**What you have to do:**
Please could you give again the lines from the one holding "FRANCE-LIBYA-POLITICS-UNREST-DIPLOMACY" through the final line of the data below, exactly, with no other lines?
————
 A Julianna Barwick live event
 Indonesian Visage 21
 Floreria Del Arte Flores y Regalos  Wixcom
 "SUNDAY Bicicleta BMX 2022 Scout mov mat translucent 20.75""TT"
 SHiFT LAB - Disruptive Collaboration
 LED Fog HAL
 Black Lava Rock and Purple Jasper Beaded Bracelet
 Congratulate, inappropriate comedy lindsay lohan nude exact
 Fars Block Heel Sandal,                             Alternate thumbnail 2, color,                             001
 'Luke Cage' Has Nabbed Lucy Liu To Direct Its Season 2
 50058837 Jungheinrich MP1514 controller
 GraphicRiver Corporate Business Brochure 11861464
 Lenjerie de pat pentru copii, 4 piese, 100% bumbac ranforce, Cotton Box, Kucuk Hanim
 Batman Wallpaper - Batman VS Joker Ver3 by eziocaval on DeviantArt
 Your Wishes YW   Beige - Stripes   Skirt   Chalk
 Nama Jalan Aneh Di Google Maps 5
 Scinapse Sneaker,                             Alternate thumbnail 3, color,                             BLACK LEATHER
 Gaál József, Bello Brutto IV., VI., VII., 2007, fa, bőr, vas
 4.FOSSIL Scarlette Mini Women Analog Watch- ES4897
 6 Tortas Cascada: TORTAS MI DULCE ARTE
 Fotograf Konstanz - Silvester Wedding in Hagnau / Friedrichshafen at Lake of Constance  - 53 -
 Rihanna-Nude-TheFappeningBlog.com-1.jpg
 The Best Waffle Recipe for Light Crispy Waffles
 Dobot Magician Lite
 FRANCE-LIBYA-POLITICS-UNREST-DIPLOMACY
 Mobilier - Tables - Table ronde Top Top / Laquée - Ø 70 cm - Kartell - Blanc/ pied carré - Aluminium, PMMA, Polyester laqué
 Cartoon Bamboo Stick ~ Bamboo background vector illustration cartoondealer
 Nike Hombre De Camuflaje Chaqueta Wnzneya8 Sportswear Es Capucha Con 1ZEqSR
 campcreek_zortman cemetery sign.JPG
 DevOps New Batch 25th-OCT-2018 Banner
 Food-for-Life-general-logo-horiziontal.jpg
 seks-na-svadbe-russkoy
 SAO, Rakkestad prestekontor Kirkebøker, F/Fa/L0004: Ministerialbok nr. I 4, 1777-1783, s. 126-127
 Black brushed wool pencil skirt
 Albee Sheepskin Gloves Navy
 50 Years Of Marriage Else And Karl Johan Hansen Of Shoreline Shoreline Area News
————
**Output:**
 FRANCE-LIBYA-POLITICS-UNREST-DIPLOMACY
 Mobilier - Tables - Table ronde Top Top / Laquée - Ø 70 cm - Kartell - Blanc/ pied carré - Aluminium, PMMA, Polyester laqué
 Cartoon Bamboo Stick ~ Bamboo background vector illustration cartoondealer
 Nike Hombre De Camuflaje Chaqueta Wnzneya8 Sportswear Es Capucha Con 1ZEqSR
 campcreek_zortman cemetery sign.JPG
 DevOps New Batch 25th-OCT-2018 Banner
 Food-for-Life-general-logo-horiziontal.jpg
 seks-na-svadbe-russkoy
 SAO, Rakkestad prestekontor Kirkebøker, F/Fa/L0004: Ministerialbok nr. I 4, 1777-1783, s. 126-127
 Black brushed wool pencil skirt
 Albee Sheepskin Gloves Navy
 50 Years Of Marriage Else And Karl Johan Hansen Of Shoreline Shoreline Area News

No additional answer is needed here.